Provides openstack settings, used to discover OS cluster and to spawn/find test vm.

  • skip_preparation: bool

    Default: true, wally need prepared openstack to spawn virtual machines. If you OS cluster was prepared previously you can set this setting to false to save some time on checks.

  • openrc: either str ir {str: str}

    Specify source for [openstack connection settings].

    • openrc: ENV - get OS credentials from environment variables. You need to export openrc setting before start wally, like this

      $ source openrc
      $ RUN_WALLY
      

      or

      $ env OS_USER=.. OS_PROJECT=..  RUN_WALLY
      
    • openrc: str - use openrc file, located at provided path to get OS connection settings. Example: openrc: /tmp/my_cluster_openrc

    • openrc: {str: str} - provide connection settings directly in config file.

      Example:

        openrc:
            OS_USERNAME: USER
            OS_PASSWORD: PASSWD
            OS_TENANT_NAME: KEY_FILE
            OS_AUTH_URL: URL
  • insecure: bool - override OS_INSECURE settings, provided in openrc section.

  • vms: [SSHURI] List of vm sshuri, except that instead of hostname/ip vm name prefix is used. Wally will found all vm, which has a name with this prefix and use them as test nodes.

    Example:

        vms:
            - wally@wally_vm
            - root:rootpasswd@test_vm

This will found all vm named like wally_vm* and test_vm and try to reuse them for test with provided credentials. Note that by default for vm wally use openstack ssh key, not ~/.ssh/id_rsa. See Openstack vm config section for details.

  • VM spawning options. This options control how many new vm to spawn for test and what profile to use. All spawned vm would automatically get testnode role and would be used for tests. Wally try to spaw vm evenly across all compute nodes, using anti-affinity groups.

    • count: str or int. Control how many vm to spawn, possible values:

      • =X, where X is int - spawn as many vm as needed to make total testnodes count not less that X. As example - if you already have 1 explicit test node, provided via nodes anso wally found 2 vm's left from previous test run and you set count: =4 so wally will spawn one additional vm.
      • X, where X is integer.

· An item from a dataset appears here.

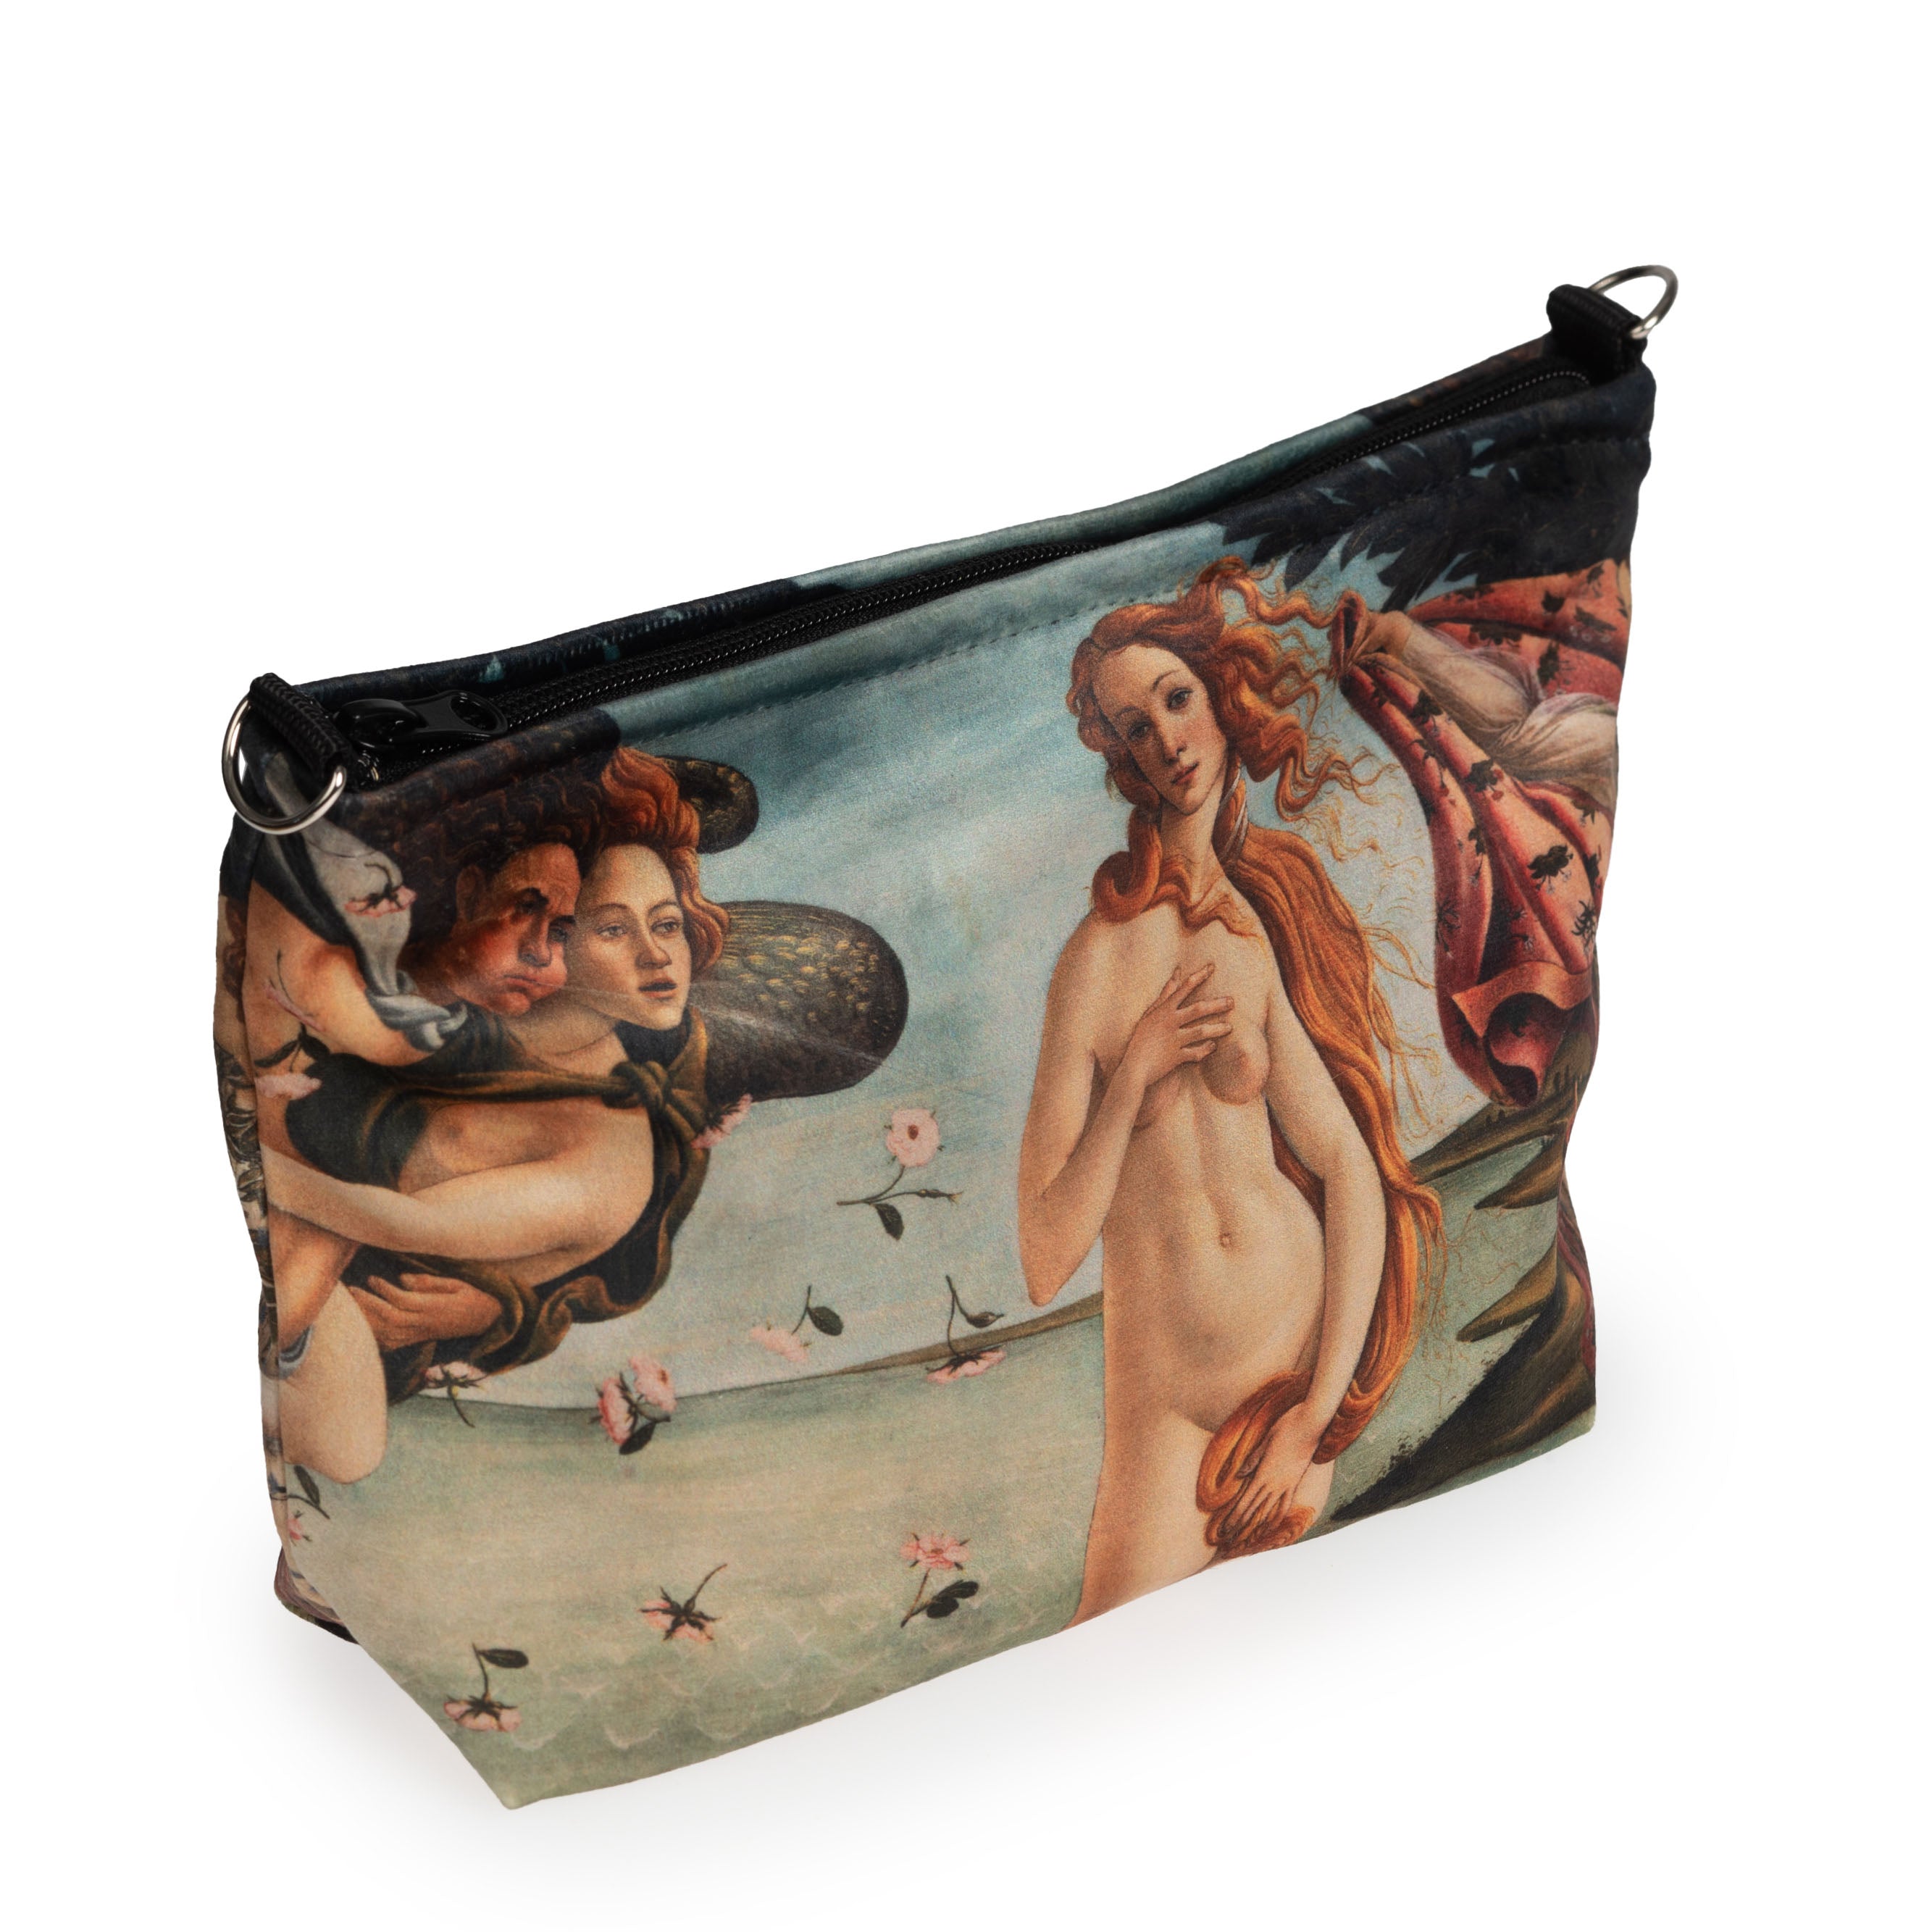 Cosmetics Sandro Botticelli "The Birth of Venus"

Spawn exactly X new vm.
      • xX, where X is integer. Spawn X vm per compute. Example: copunt: x3 - spawn 3 vm per each compute.
    • cfg_name: str, vm config. By default only wally_1024 config are available. This config uses image from https://cloud-images.ubuntu.com/trusty/current/trusty-server-cloudimg-amd64-disk1.img as vm image, 1GiB of ram, 2 vCPU and 100GiB volume. See Openstack vm config for details.

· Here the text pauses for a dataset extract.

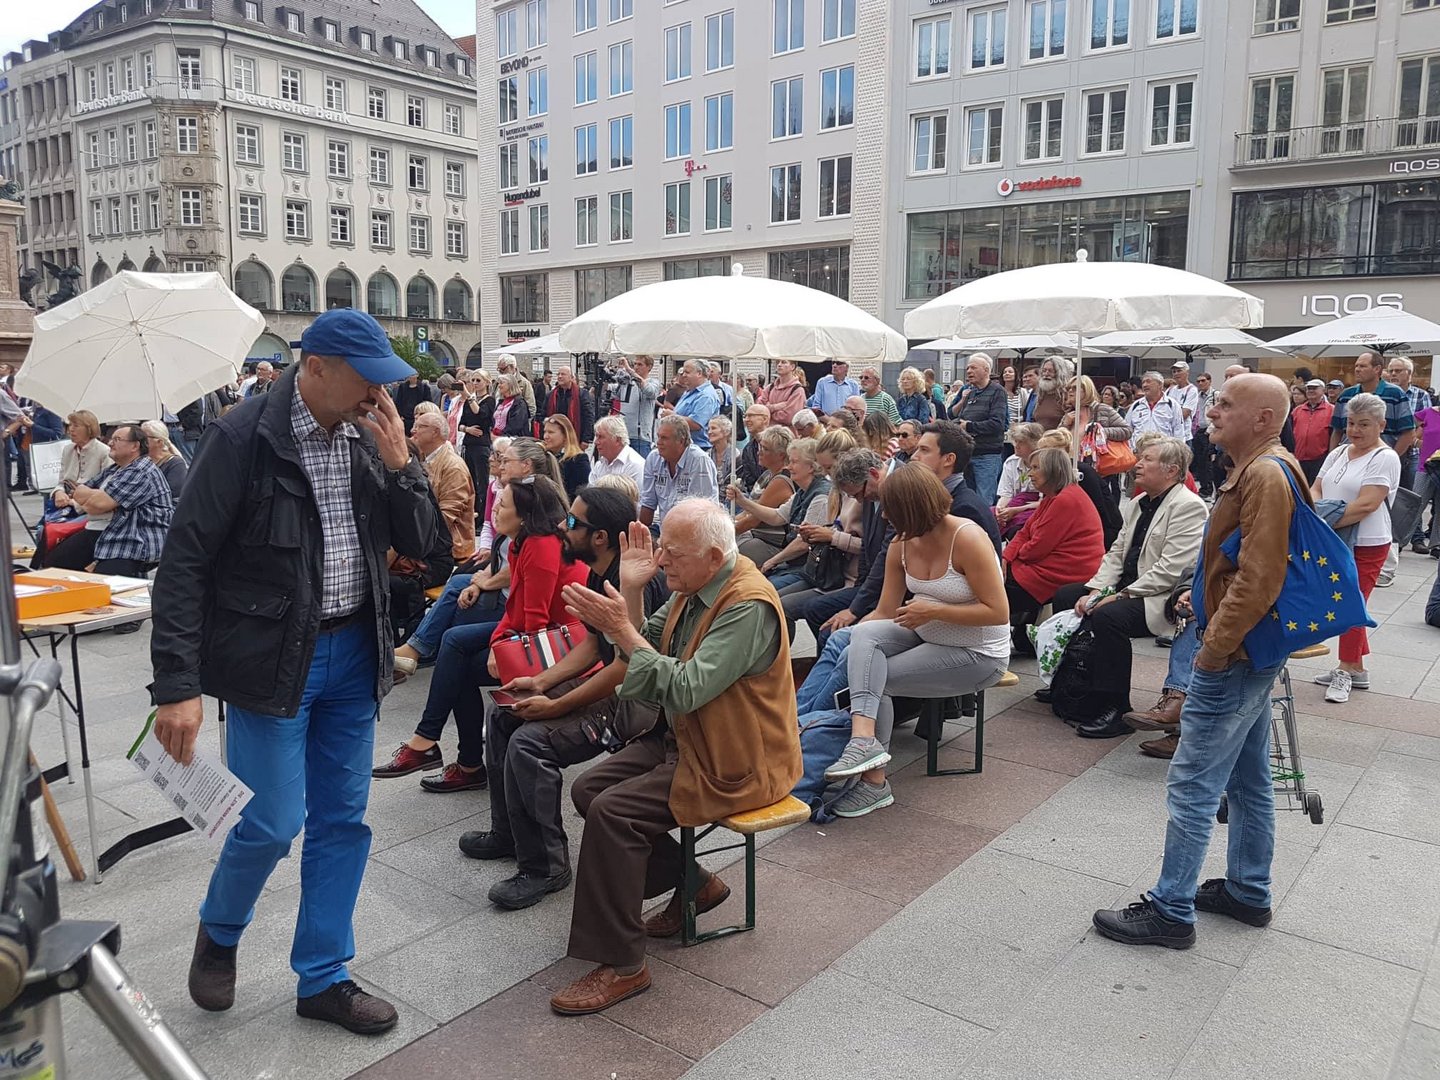 Meine Veranstaltung auf dem Münchner Marienplatz 14.15. September 2018

    • network_zone_name: str. Network pool for internal ip v4. Usually net04

    • flt_ip_pool: str. Network pool for floating ip v4. Usually net04_ext

    • skip_preparation: bool, false by default. By default before spawn vm wally check that all required prerequisites, like vm flavour, image, aa-groups, ssh rules are ready and create them is something is missed. This tell wally to skip this stage. You may set it if you sure, that openstack is prepared and like to save some time on this stage, but better to keep it off to prevent issues.

Section nodes

{SSHURI: [str]} - mapping of sshuri to list of roles for selected node. Helps wally in case if it can't detect cluster nodes. Also all testnodes are provided via this section, except for reused VM.

Example:

nodes:
    user@ceph-client: testnode

Note: you need to define at least one node with testnode role here, unless you reuse VM in openstack section

Section tests

This section define list of test suites to be executed. Each section is a map from suite type to suite config. See details for different suites below.

fio suite config

  • load: str - required option, name of load profile.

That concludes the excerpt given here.